From: Poker Joker on 28 Sep 2006 22:51 <cbrown(a)cbrownsystems.com> wrote in message news:1159495306.456537.79590(a)e3g2000cwe.googlegroups.com... > Apply your logic to "oddven". > > A natural number is even if it is of the form 2*n, and odd if it is not > of this form. A number is oddven if it is both even and odd. > > 1) Assume that n is oddven. > 2) If it is oddven, then it is even; so it is of the form 2*n. > 3) But if it is oddven, then it is odd; and therefore it is not of the > form 2*n. > 4) Contradiction; therefore no such n exists. First, the OP isn't saying anything is wrong with "proofs by contradiction". He's saying that there is a meaningless definition like "This statement is false." There is no meaningless definition in your step 2. Defining a real number in terms of all real numbers in a set is self referential if the set contains all the real numbers. The same is true for lists. So under the assumption that the list *MIGHT* contain all the real numbers, we can't say that the definition is not self-referential. Therefore it is meaningless.
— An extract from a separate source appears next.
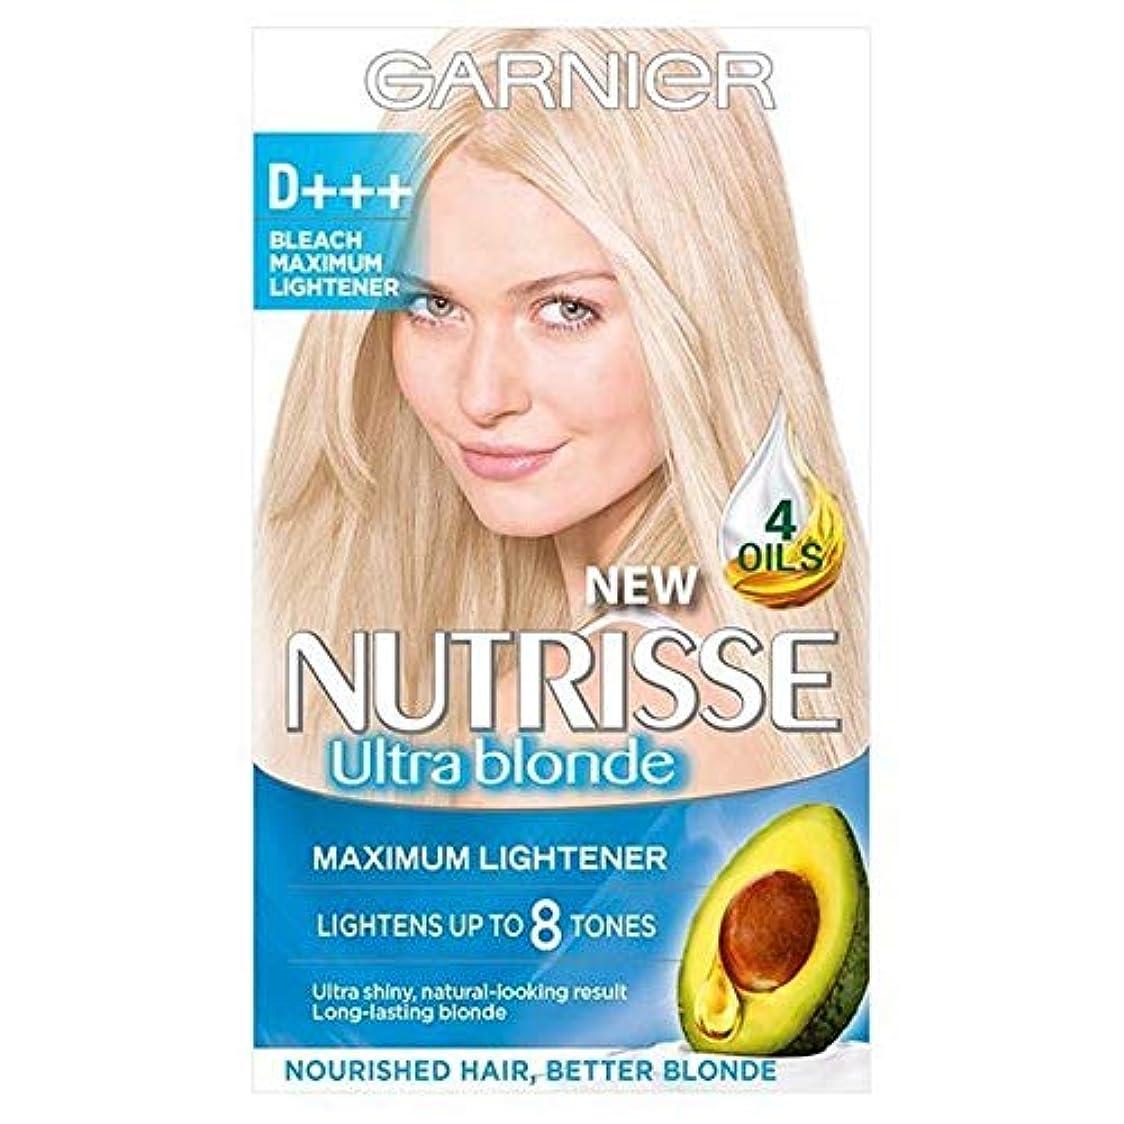 ペック貢献例[Garnier ] ガルニエNutrisse D +++漂白ライトナーパーマネントヘアダイ - Garnier Nutrisse D+++ Bleach Lightener Permanent Hair Dye [並行輸入品]

From: William Hughes on 28 Sep 2006 23:07
Poker Joker wrote: > <cbrown(a)cbrownsystems.com> wrote in message > news:1159495306.456537.79590(a)e3g2000cwe.googlegroups.com... > > > Apply your logic to "oddven". > > > > A natural number is even if it is of the form 2*n, and odd if it is not > > of this form. A number is oddven if it is both even and odd. > > > > 1) Assume that n is oddven. > > 2) If it is oddven, then it is even; so it is of the form 2*n. > > 3) But if it is oddven, then it is odd; and therefore it is not of the > > form 2*n. > > 4) Contradiction; therefore no such n exists. > > First, the OP isn't saying anything is wrong with "proofs > by contradiction". He's saying that there is a meaningless > definition like "This statement is false." > > There is no meaningless definition in your step 2. > > Defining a real number in terms of all real numbers in a > set is self referential if the set contains all the real > numbers. The same is true for lists. So under the > assumption that the list *MIGHT* contain all the real > numbers, we can't say that the definition is not > self-referential. Therefore it is meaningless. Nope. The steps are as follows. Consider a list of real numbers L. (At this point we do not know if L contains all real numbers or not). In your terminology, L might contain all real numbers. Define a procedure D, that takes a list M and produces a real number r=D(M). This procedure D will work on any list M Apply the procedure D to the list L to get a real number r=D(L). Note that D(L) exists because we can apply D to any list. The fact that L *might* contain all the real numbers is not a problem because D was defined in such a way that it can be applied to any list. We now have a list L and a real number r. We argue that by the way r was constructed r cannot be an element of L. At this point we conclude that L does not contain all the real numbers. There is nothing self referential here. - William Hughes |